- [Exercise directions]: This exercise calls for retyping every line below exactly, with the images omitted.

Data extract Block Start

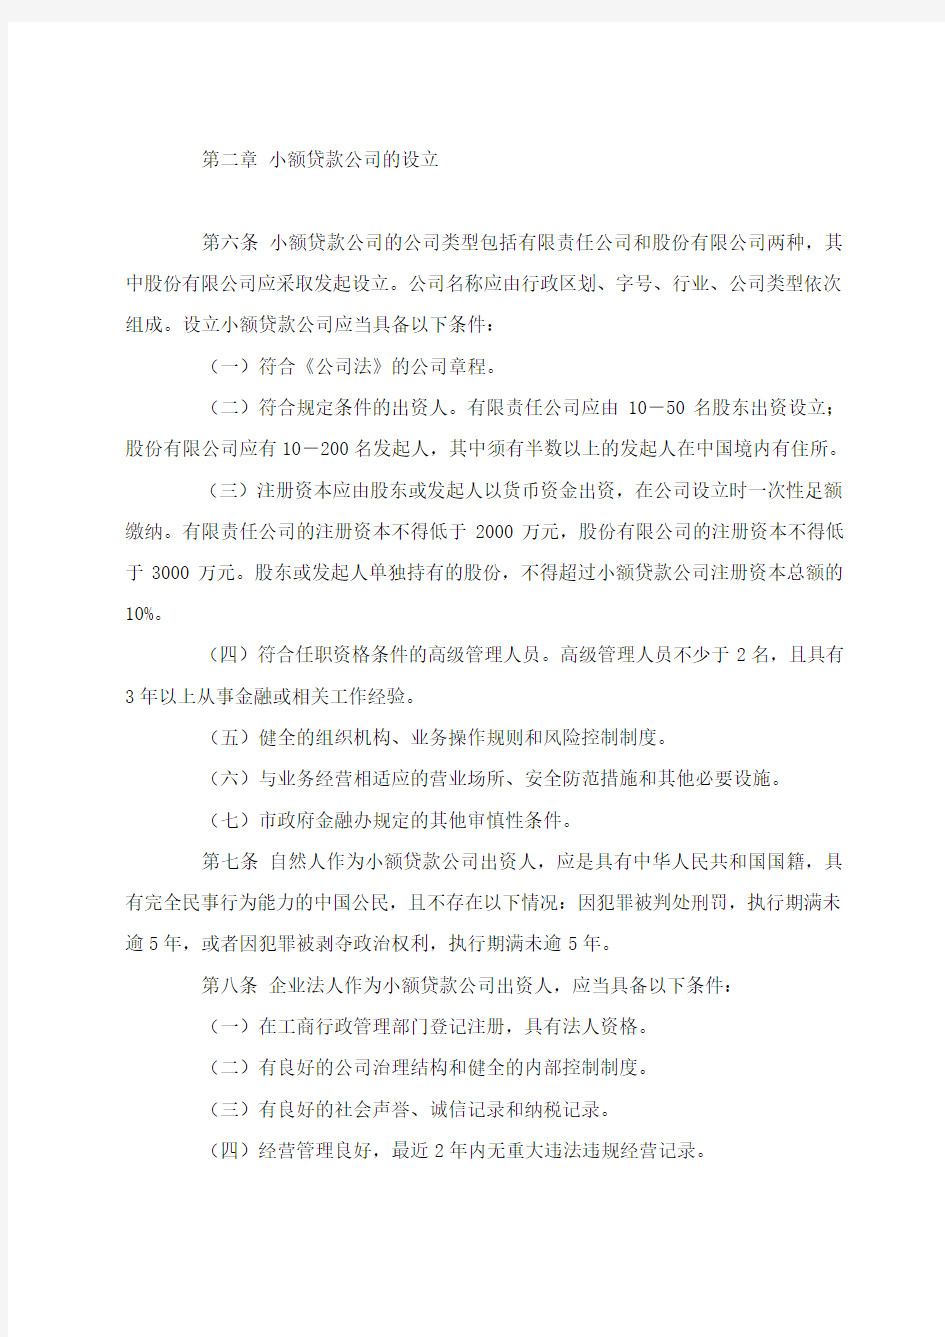 重庆市小额贷款公司试点管理暂行办法
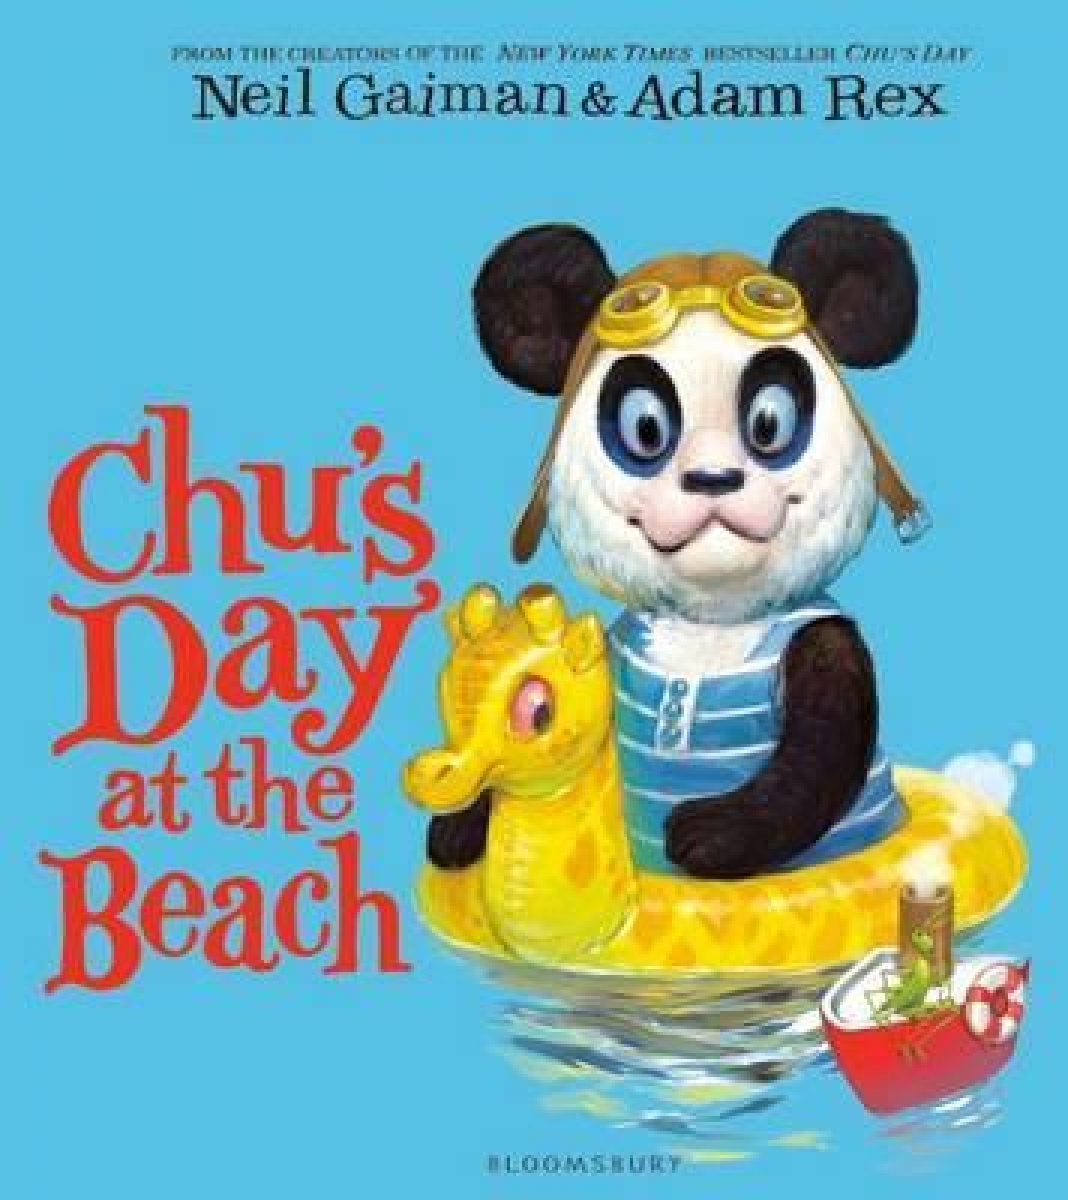 Gaiman, Neil Chu's Day at the Beach 
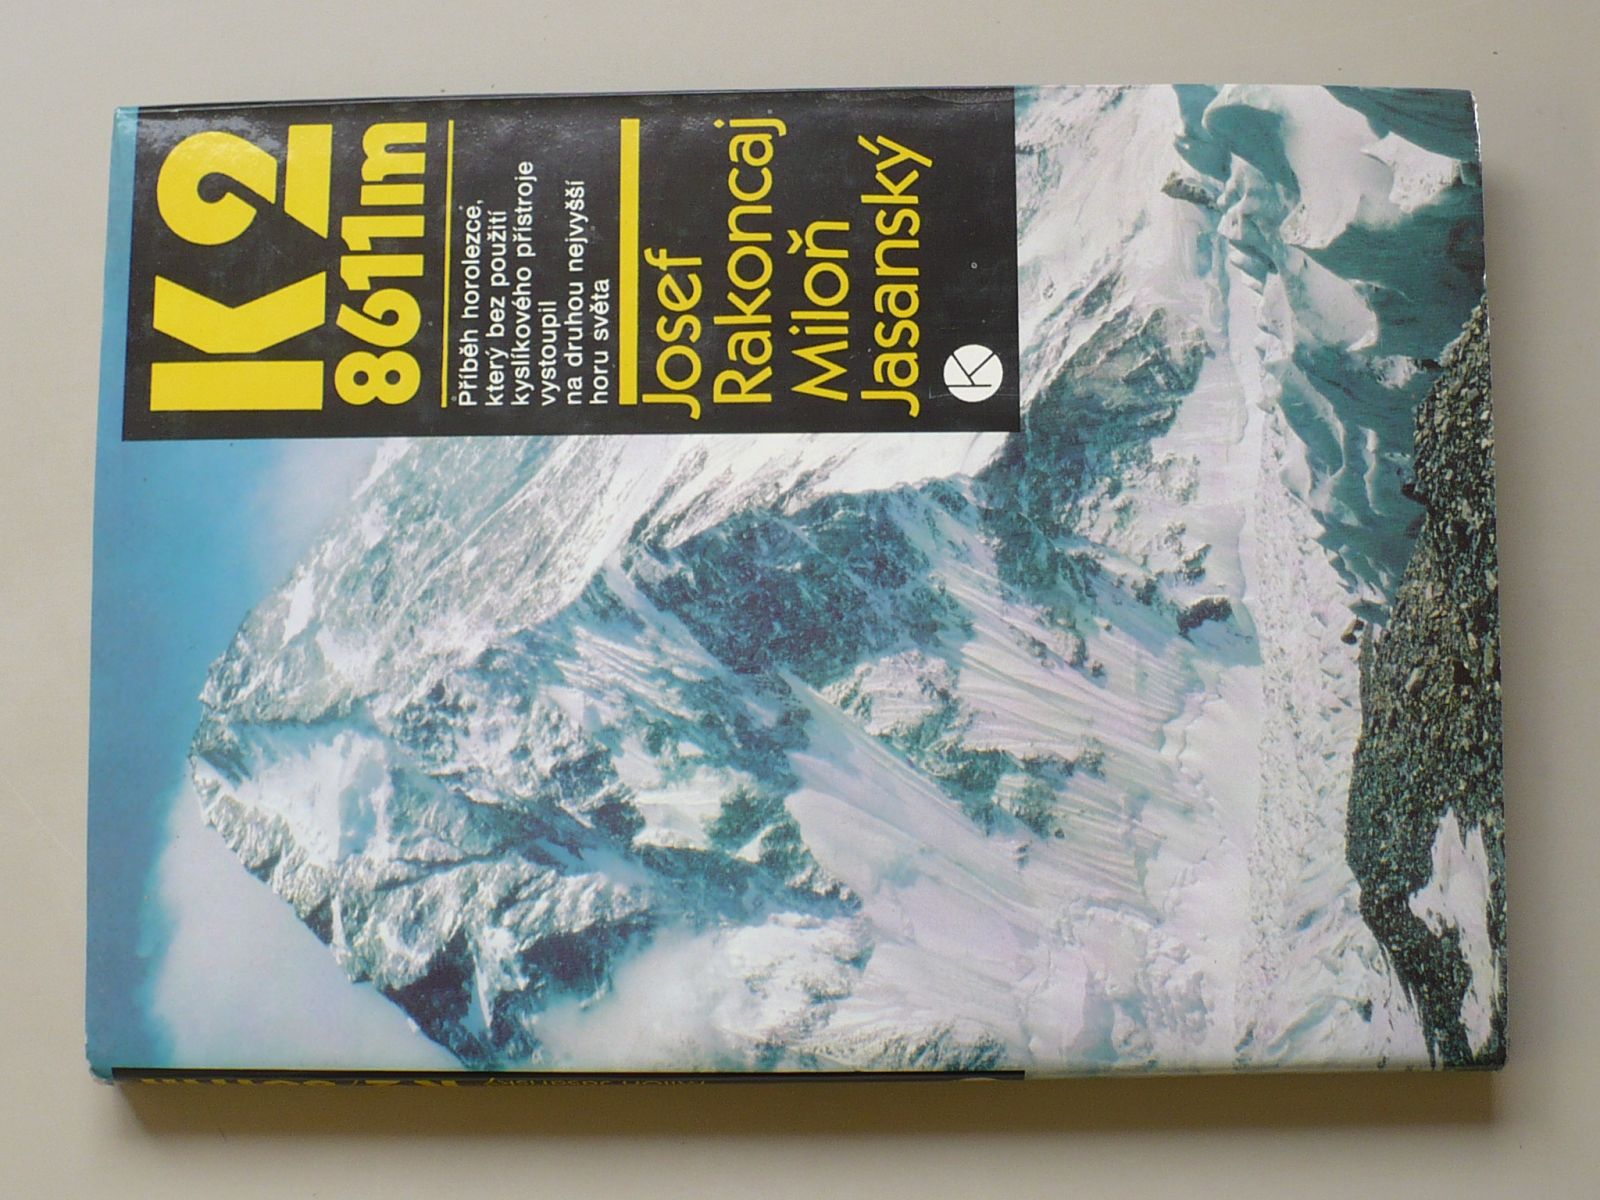 Josef Rakoncaj, Miloň Jasanský - K2 8611m - Neobyčejný příběh z druhé nejvyšší hory světa(1986)

Data extract Block End

- [Answer section]:
 重庆市小额贷款公司试点管理暂行办法
 Gaiman, Neil Chu's Day at the Beach 
 Josef Rakoncaj, Miloň Jasanský - K2 8611m - Neobyčejný příběh z druhé nejvyšší hory světa(1986)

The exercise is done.